Mrs Elizabeth Boyle suffered from vocal cord nodules causing hoarseness. In December 1991, she was advised to follow a regime designed to reduce stress on the throat and voice. She had surgery and began a routine that included sipping water throughout the day, refraining from raising her voice, and avoiding background noise. The nodules did not recur. However, in 2000, her employer removed a partition that separated her from a stock control room. She subsequently brought a claim for disability discrimination against her employer, SCA Packaging Limited in a Northern Ireland industrial tribunal.
SCA disputed whether Boyle was disabled for the purposes of the Disability Discrimination Act 1995 (DDA). Section 1(1) of the DDA states that a person has a disability if he/she has a physical or mental impairment that has a substantial and long-term effect on his/her ability to carry out normal day-to-day activities. Schedule 1 to the DDA supplements this by stating that an impairment which would be ‘likely’ to have a substantial adverse effect on the ability of the person concerned to carry out normal day-to-day activities, but for the fact that measures are being taken to treat or correct it, is to be treated as ‘having that effect’.
The guidance on matters to be taken into account in determining questions relating to the definition of disability, which must be considered by a tribunal determining whether a person is disabled, states: “It is likely that an event will happen if it is more probable than not that it will happen”. Applying this test, the tribunal found that the vocal nodules were ‘likely’ to recur if Boyle did not follow her voice management regime.
However, the Northern Ireland Court of Appeal (NICA) took a different view, holding that ‘likely’ in the DDA context means that something ‘could well happen’, which is an easier threshold for a claimant to cross. NICA dismissed SCA’s appeal. SCA then appealed to the House of Lords.

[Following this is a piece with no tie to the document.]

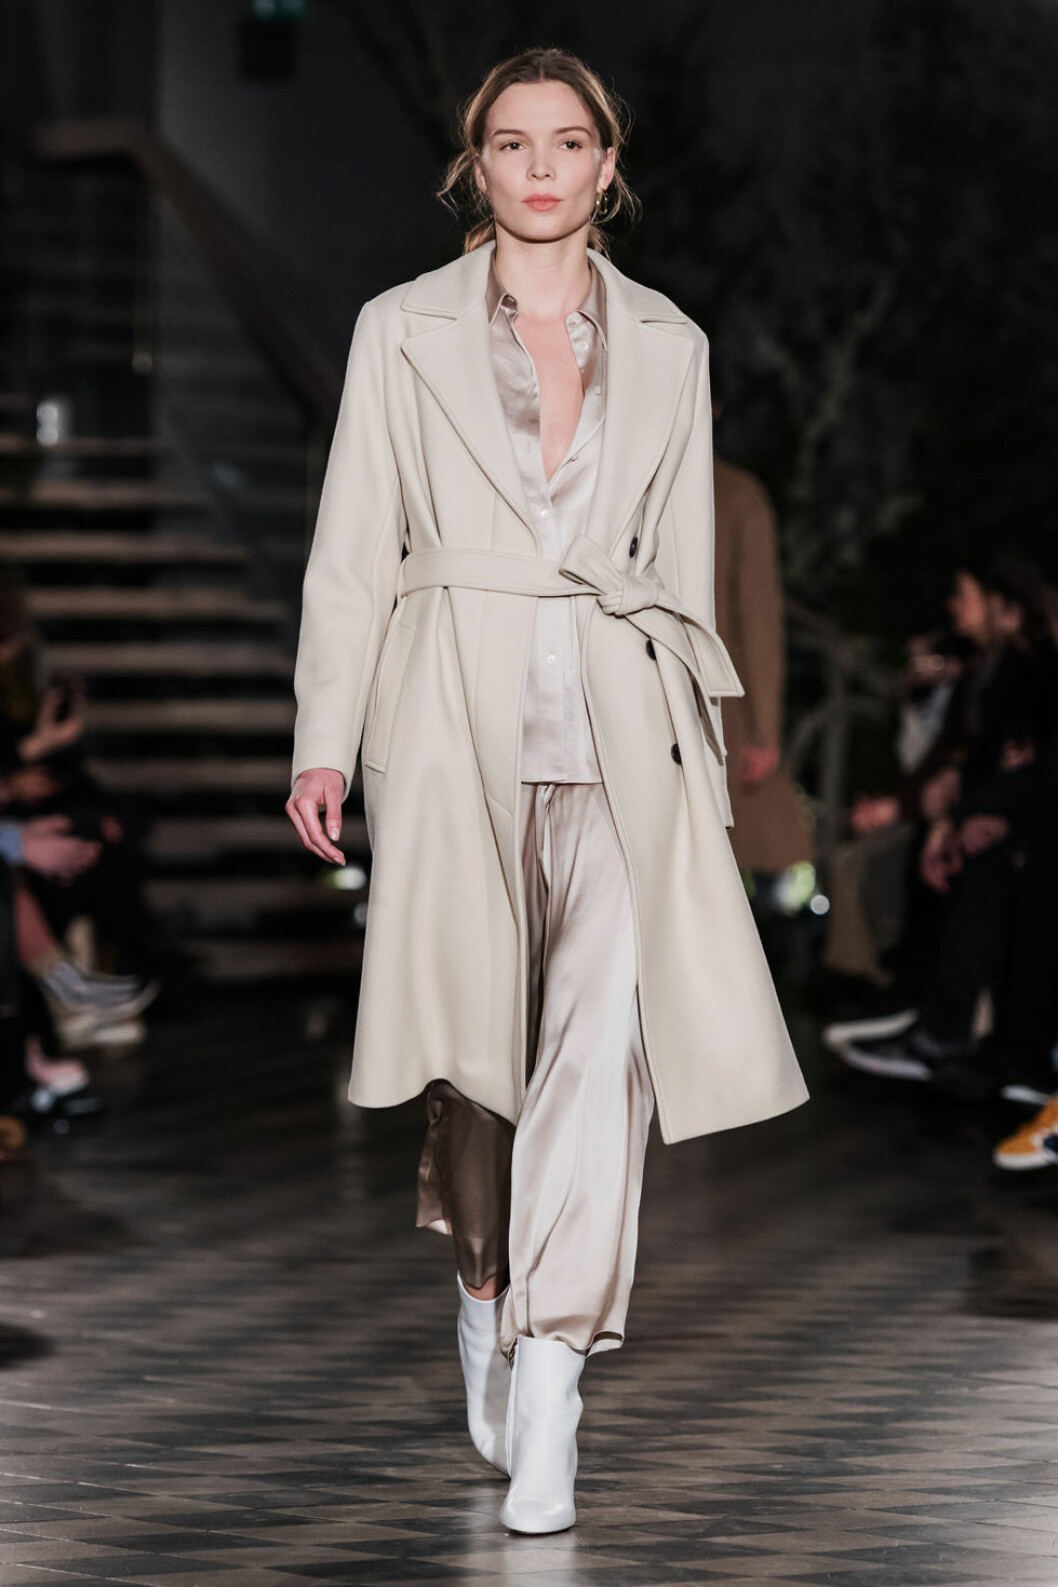 Filippa K AW 18, beige outfit.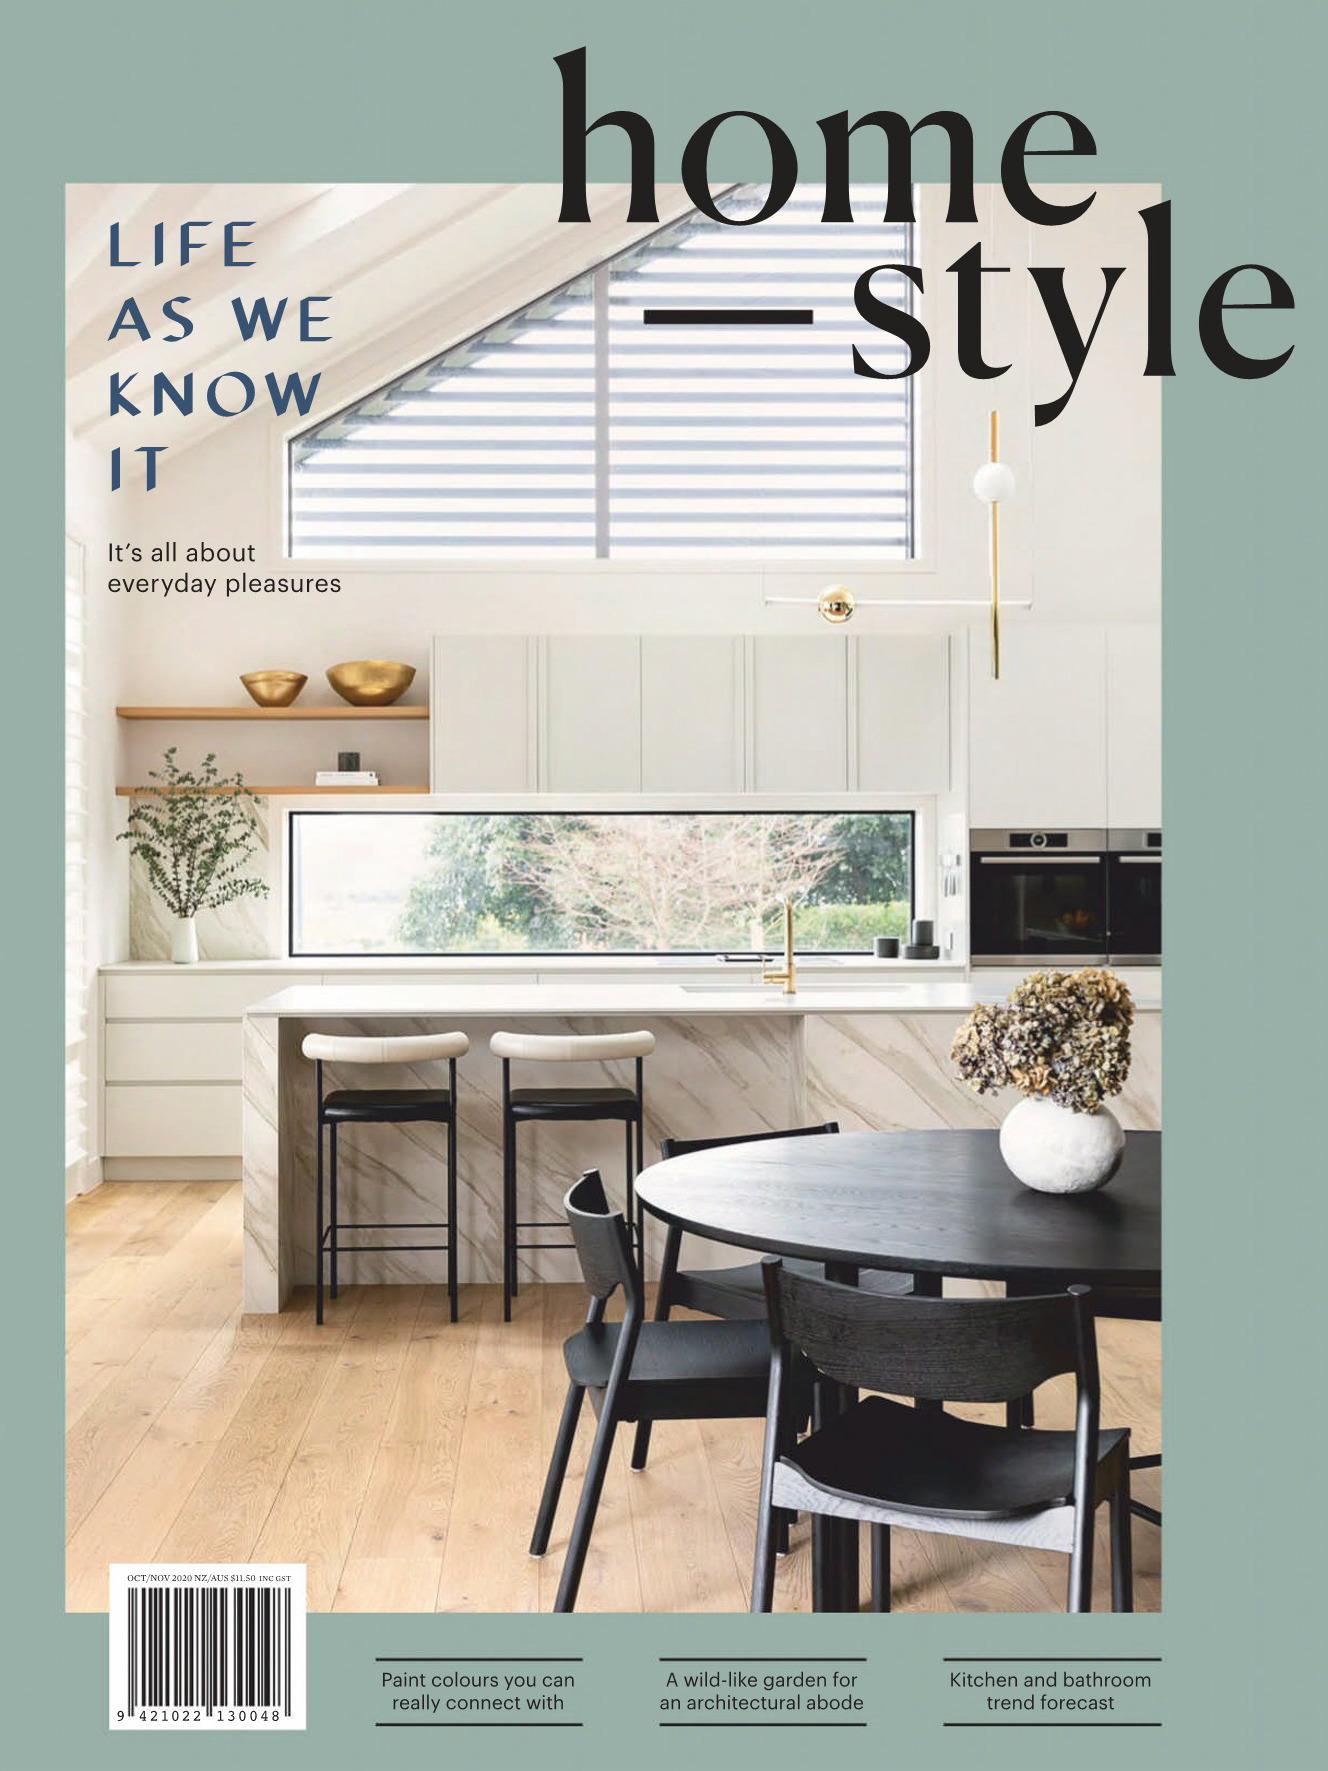 《Homestyle》新西兰室内装饰设计杂志2020年10-11月号

It dismissed SCA’s appeal unanimously. The House of Lords considered that ‘likelihood’ is a variable concept, and, having considered the purpose of the DDA, the House of Lords agreed with the NICA that the appropriate meaning of ‘likely’ in the Act is ‘could well happen’, which it considered to be a broader and less exacting test than ‘more probable than not’.
This case concerned the so-called deemed effect provisions of the DDA by virtue of which a person who is not disabled will be treated as being disabled if they have an underlying impairment that would be a disability, but the effect of medical treatment or other corrective measures is such that they are able to function more normally. The word ‘likely’ also appears in other provisions in Schedule 1 to the DDA, and would now be interpreted in the same way.
The effect of this decision is that it will be easier for claimants to establish that they are entitled to the protection conferred by the DDA, and employers will need to be more wary of how they treat employees with well-managed health problems.
The House of Lords also disapproved of the Industrial Tribunal’s decision to convene a preliminary hearing to decide whether Boyle was disabled, as in this case it contributed to delay. In many cases, the issue of whether an employer could reasonably be expected to make adjustments will involve the same evidence as determination of whether the employee is disabled.